Confusing "strengthens" with "proves." A correct strengthener makes the conclusion more likely given the existing premises; it does not independently establish the conclusion or provide new premises that prove it from scratch. Over-strong answers that essentially restate the conclusion or make the argument airtight are typically wrong.

Failing to apply the negation test before committing. Students who choose assumption answers based on "feels like an assumption" without testing them frequently select statements that strengthen the argument without being necessary for it.

Selecting topic-relevant but logically irrelevant answers. Critical Reasoning traps frequently include answer choices that involve the same subject matter as the argument but do not affect the specific logical connection. Always ask: does this answer choice impact the gap between the specific premises and the specific conclusion?

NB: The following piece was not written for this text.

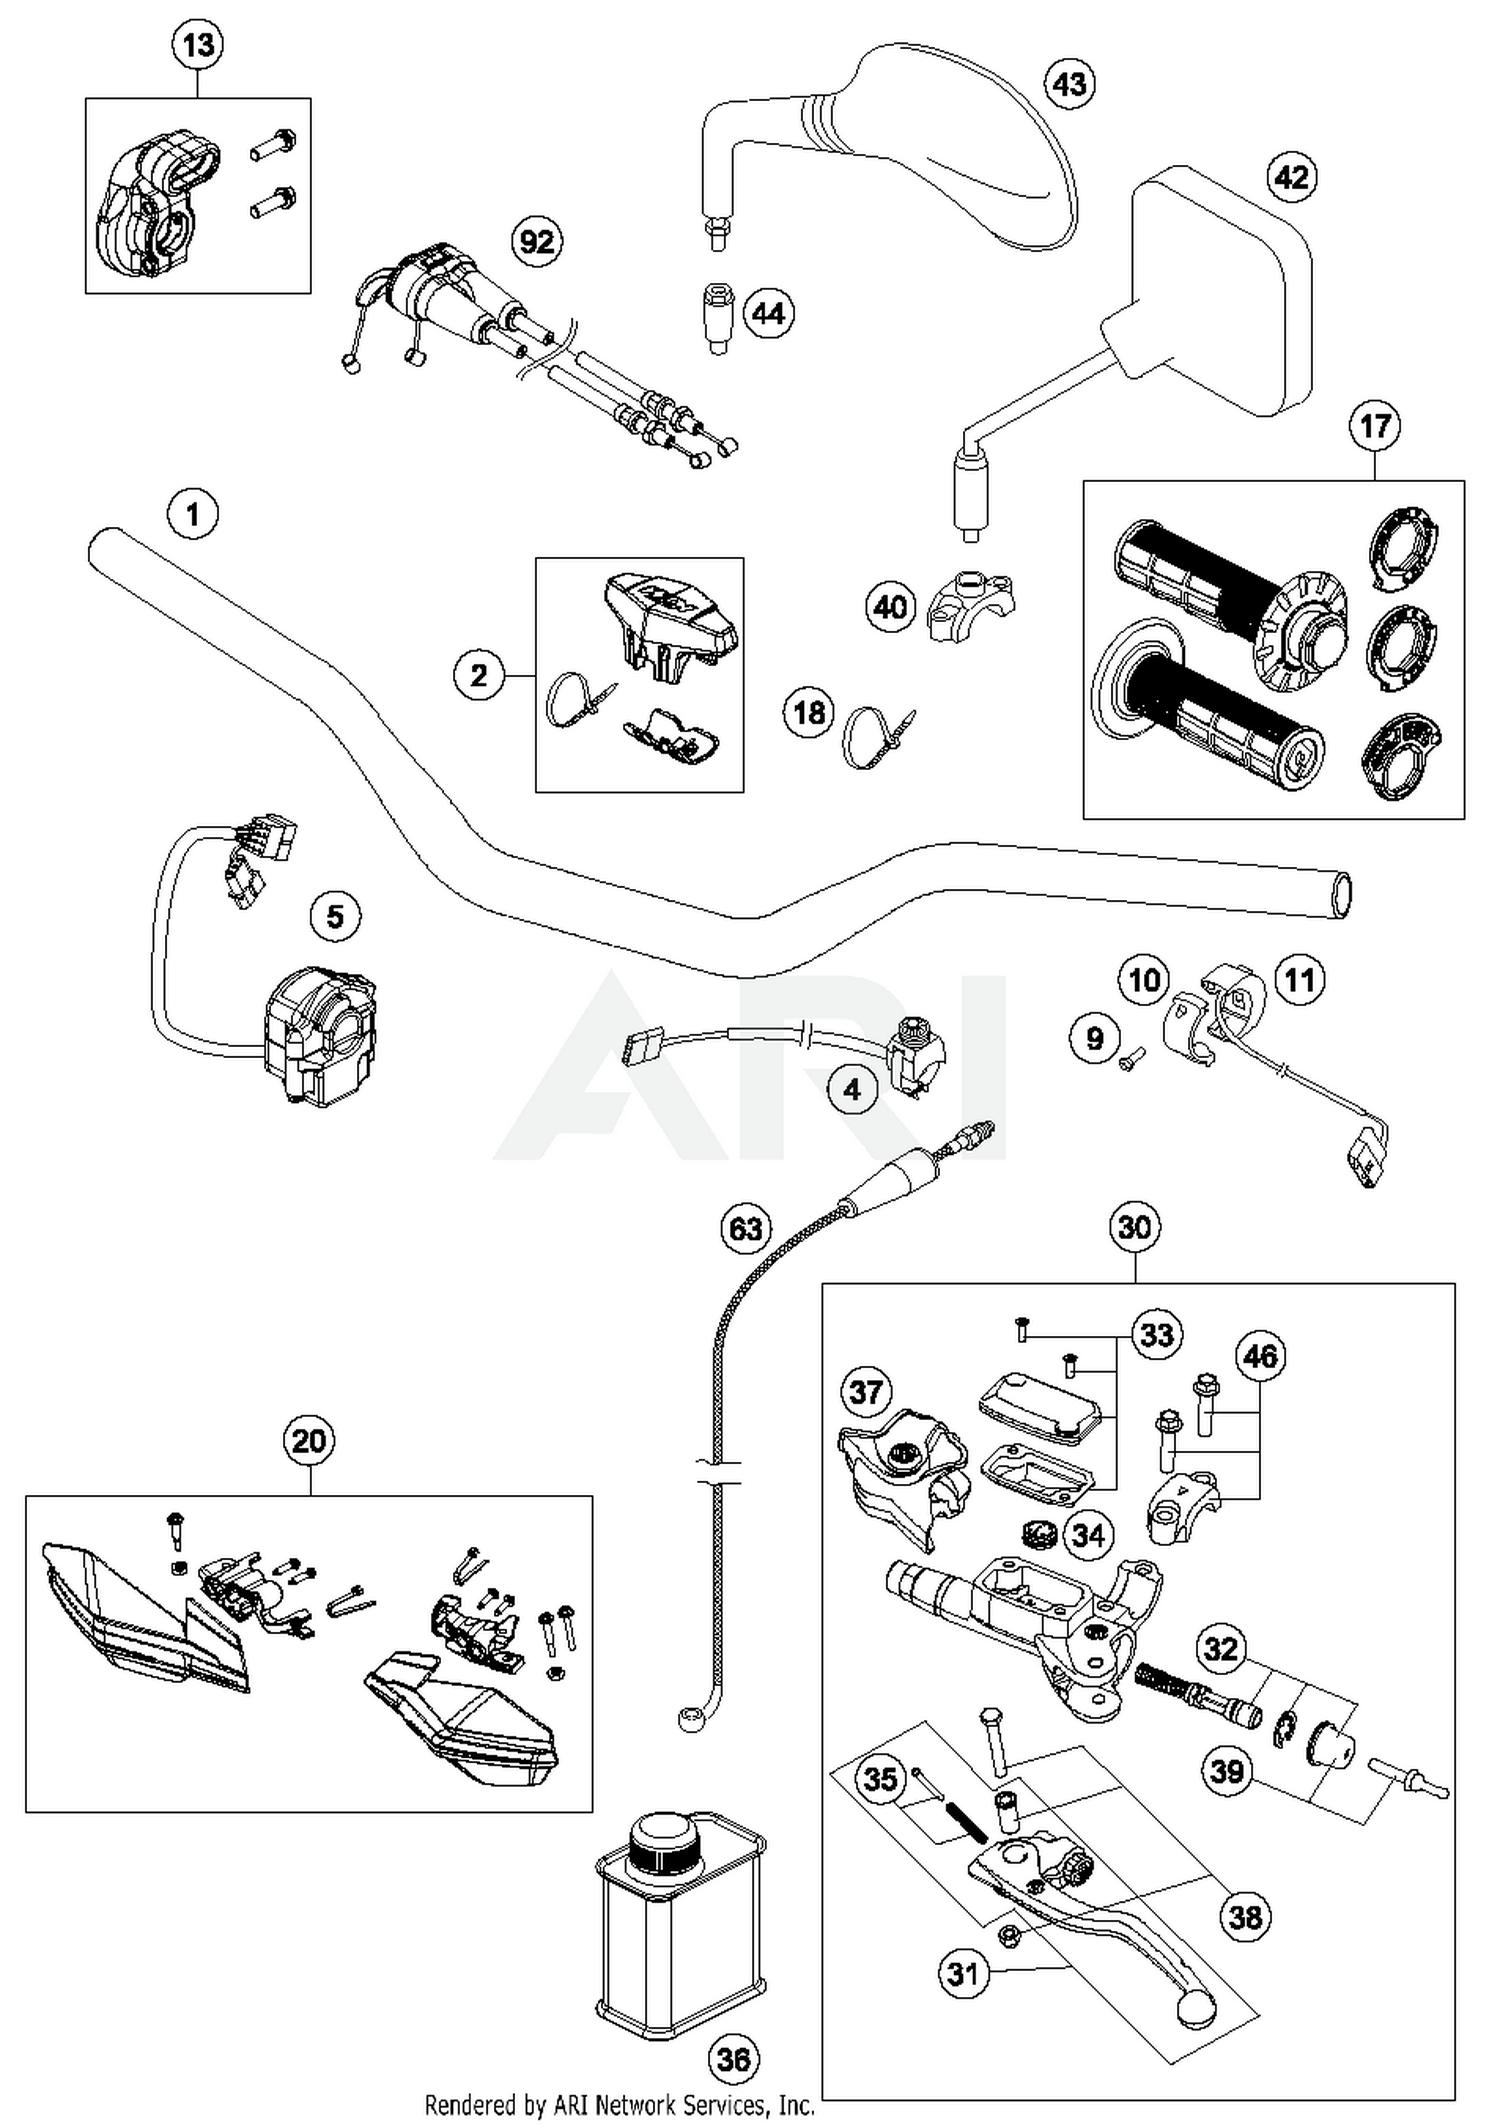 2017 Ktm 350 Exc F Handlebar Controls Parts Best Oem Engine Diagram For Motorcycles

Misidentifying the conclusion. In complex arguments, an intermediate conclusion can be mistaken for the main conclusion. The main conclusion is the statement all other claims ultimately support. Conclusion indicators in the interior of an argument often introduce intermediate conclusions, not the main one.

Exam Tips

On every Critical Reasoning question, identify and write or mentally confirm three elements before consulting answer choices: (1) the conclusion in your own words, (2) the main premises in your own words, and (3) the gap -- what the argument needs to be true but does not state. This 30-to-60-second investment determines the correct answer type and makes evaluation efficient.

For resolve-the-paradox questions, both facts in the apparent contradiction are true. Your task is to find information that makes both facts simultaneously plausible. Wrong answers typically explain one fact but make the other more puzzling, or introduce new facts that are irrelevant to the contradiction.

For evaluate questions, the correct answer is information that would directly address the argument's most critical assumption. One version of the information (one polarity) would strengthen the argument; the other version would weaken it. Correct answers should "cut both ways" depending on what the actual answer turns out to be.

Critical Reasoning questions appear alongside Reading Comprehension passages in the Verbal section. Do not let the shorter length of Critical Reasoning arguments mislead you into rushing -- these questions reward careful analysis, not speed.